BEGIN

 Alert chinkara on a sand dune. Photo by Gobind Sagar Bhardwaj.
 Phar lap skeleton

END
BEGIN

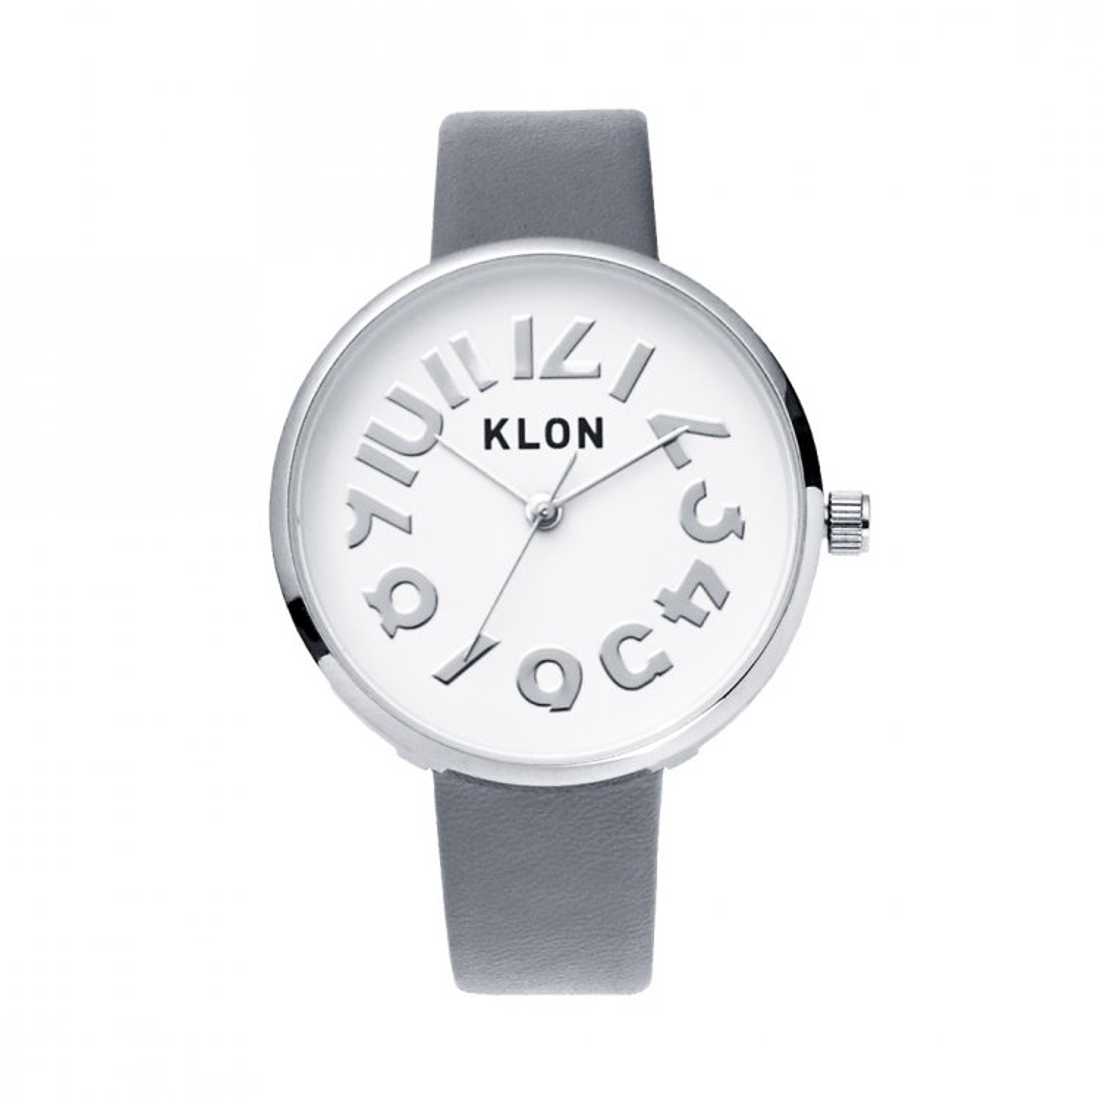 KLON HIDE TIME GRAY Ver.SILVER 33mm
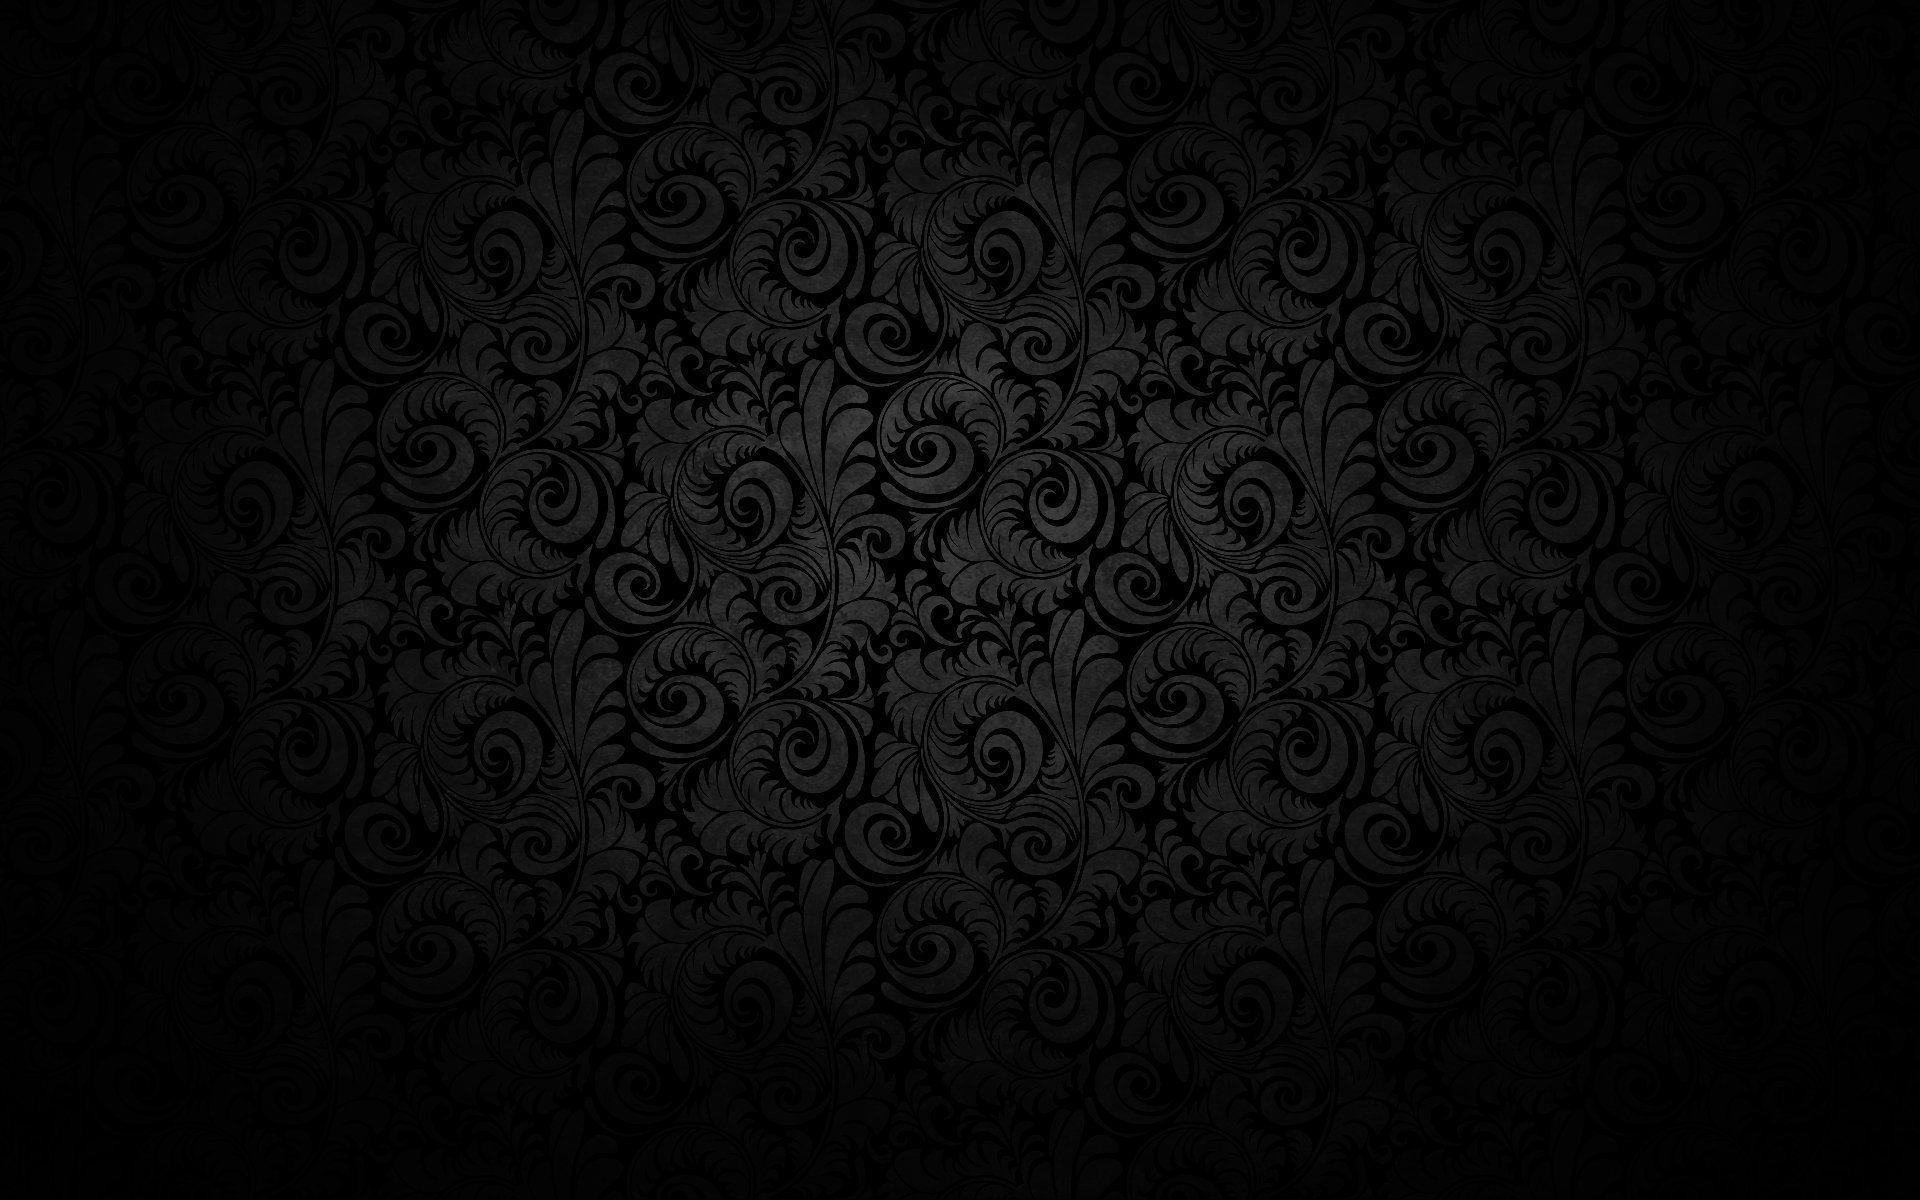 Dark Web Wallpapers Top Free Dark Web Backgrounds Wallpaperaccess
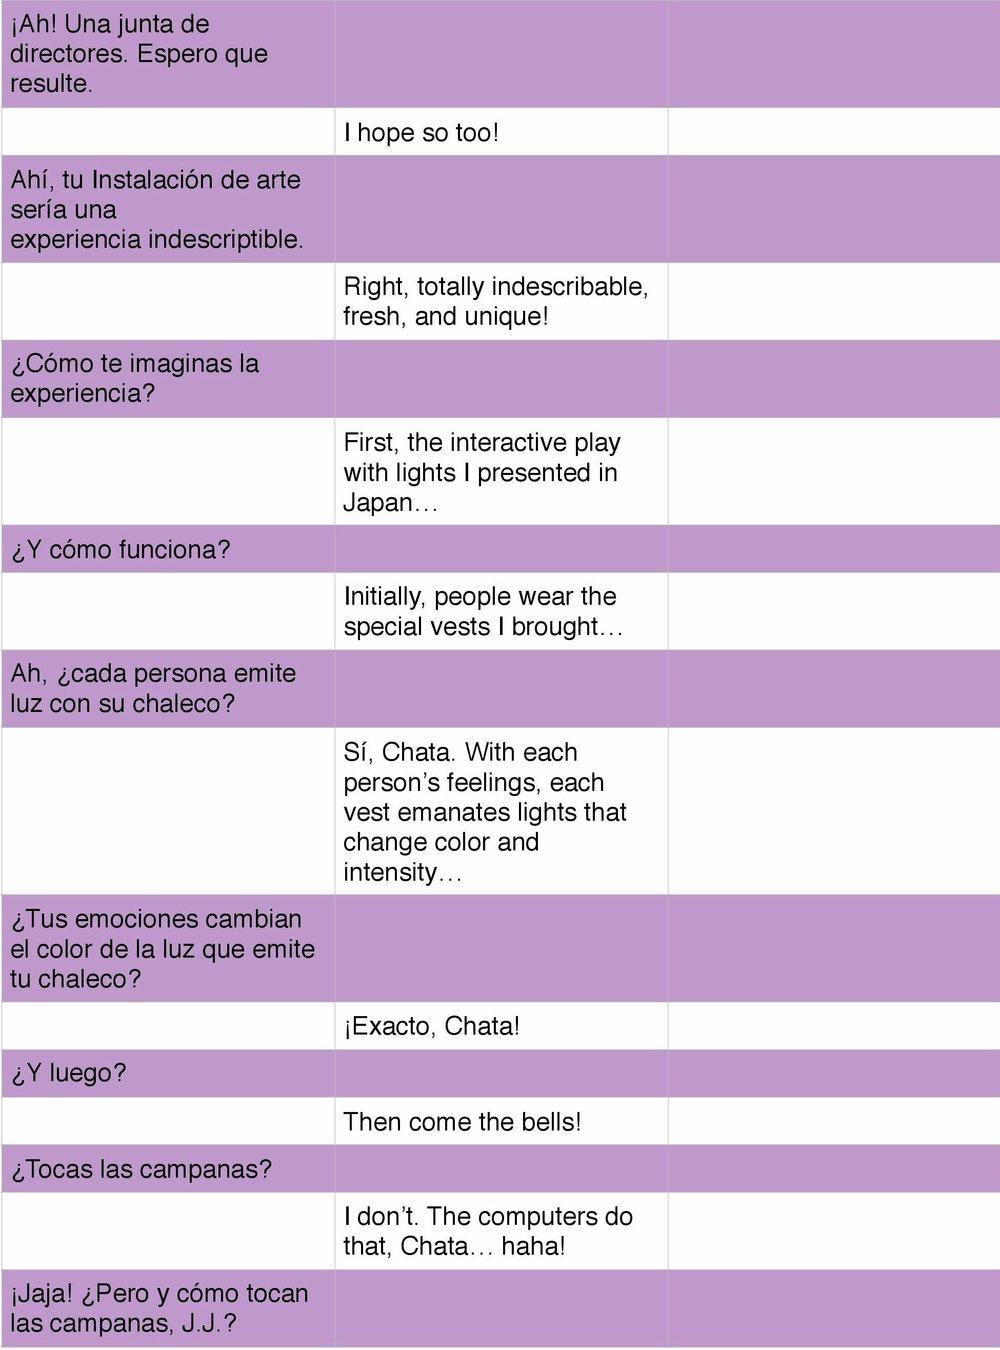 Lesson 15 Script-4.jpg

END

- _What the task asks_
What is needed is an exact copy of the lines above, from the one containing "Alert chinkara on" through the one containing "Phar lap skeleton", with nothing added.

- _Exercise solution_
 Alert chinkara on a sand dune. Photo by Gobind Sagar Bhardwaj.
 Phar lap skeleton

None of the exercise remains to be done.